I could possibly update my peephole to detect a new kind of "Tail", I can regard an load\store with an immediate field as a tail node and get the offset there and merge it back in the Target lowering of base + offset.

> Anyway, is it really important? Probably not going to register in code profiling and probably a tiny impact on code size. I mainly raise it as I know we will all be poring over assembly output to look for missed optimisation opportunities and cases like the above stick out like a sore thumb. It's also the sort of thing compiler users do, and then confidently conclude that the compiler must be dumb.

I agree!

> I'm happy to land this patch as-is. It generates good code in a wide variety of cases (more so than many other backends). But please add the above example to your test file with a note about the missed optimisation opportunity.

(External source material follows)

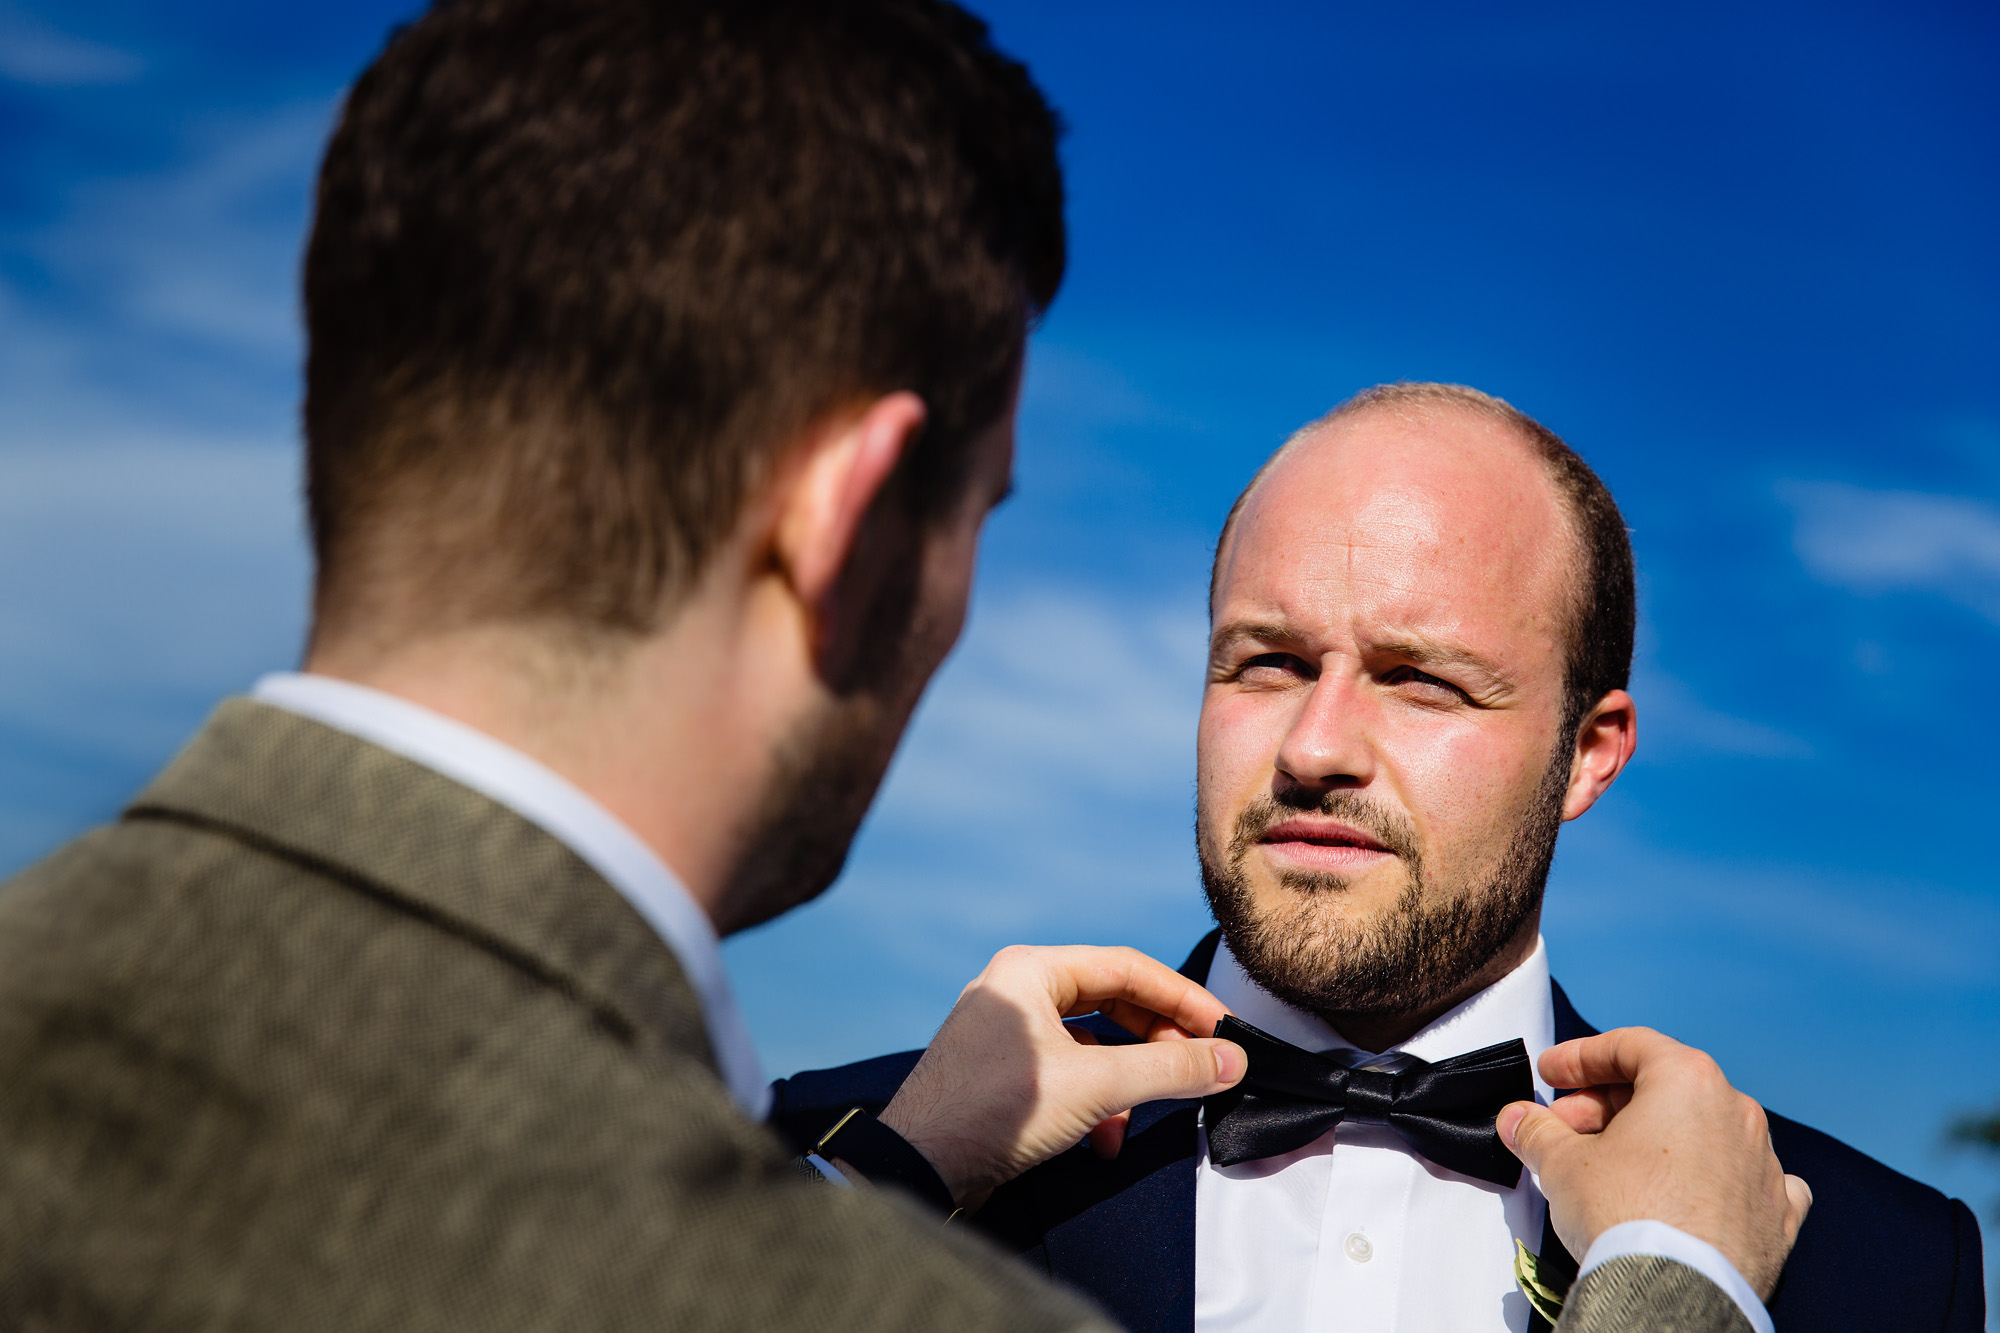 The groom perfects the best man's bow tie right before his wedding ceremony in Maine
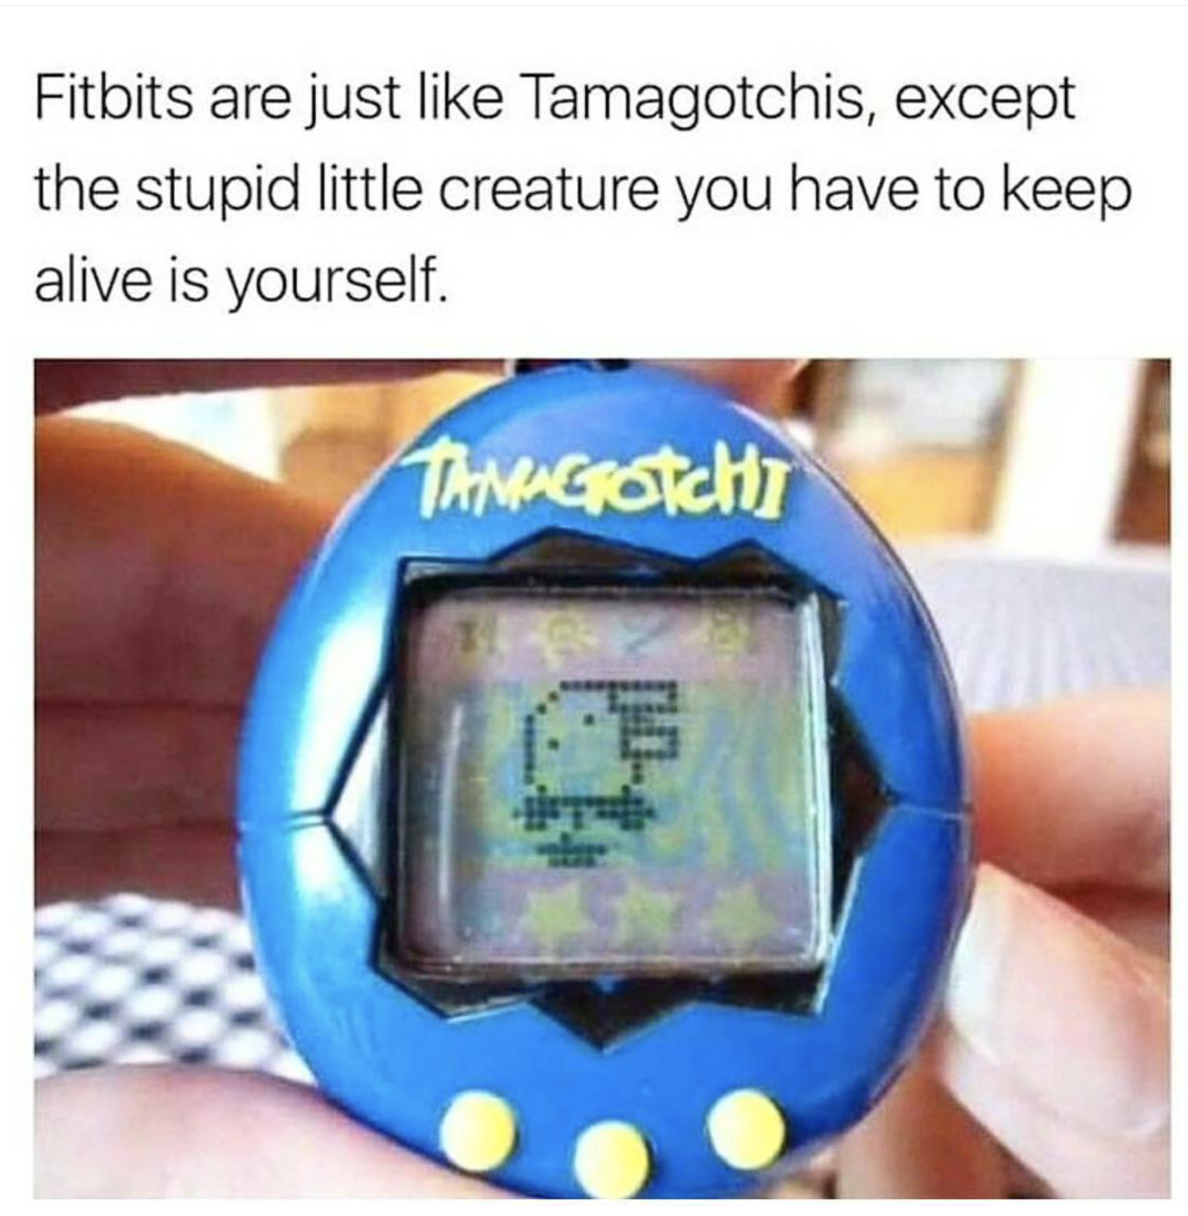 memes - fitbits are just like tamagotchis - Fitbits are just Tamagotchis, except the stupid little creature you have to keep alive is yourself. Timcotchi

The example is actually already added to the test (define dso_local i32 @load_half() nounwind).

On the other hand, after some chat with @efriedma  I am starting to think that this whole thing could be better handled with a machine function Pass that runs after MachineCSE.  Your point in your original longer example (and the example I have in the test case called control_flow) shows that we are getting different notes for the lowered global address (just run llc with --stop-before=machine--cse), hasUseOnce always considers the uses within the basic block you are on, not the whole function (which makes sense). The reason these two examples worked (and by worked I mean NOT having the offset merged back into the global address lowering) is because the ADDI generated for the offset was folded into the Load\STore and my peephole found no Tail to kick in. If we add a MachineFunctionPasss we we will have:

1. A global view of the whole function so the uses for an MI will return the "True" number of uses over all the blocks.
2. Since we are running after CSE we will have known any potential value of the separating of base and offset. for the test case we have here, we will break even (in terms of Instruction count) if the Base lowering had  two uses at least:

  BB0:
           lui     a0, %hi(foo)
           addi    a0, a0, %lo(foo)
  BB1:
           lhu     a1, 8(a0)
            ...
  BB2:
           lhu     a2, 16(a0)

VS

  BB0:
  BB1:
           lui     a0, %hi(foo+8)
           lhu     a1, %lo(foo+8)(a0)
            ...
  BB2:
           lui     a0, %hi(foo+16)
           lhu     a1, %lo(foo+16)(a0)

And win for cases more than that.

I think we can do these checks with virtual registers in an MF pass.
if you think it is worth it I can give it a shot in an MF Pass :)

https://reviews.llvm.org/D45748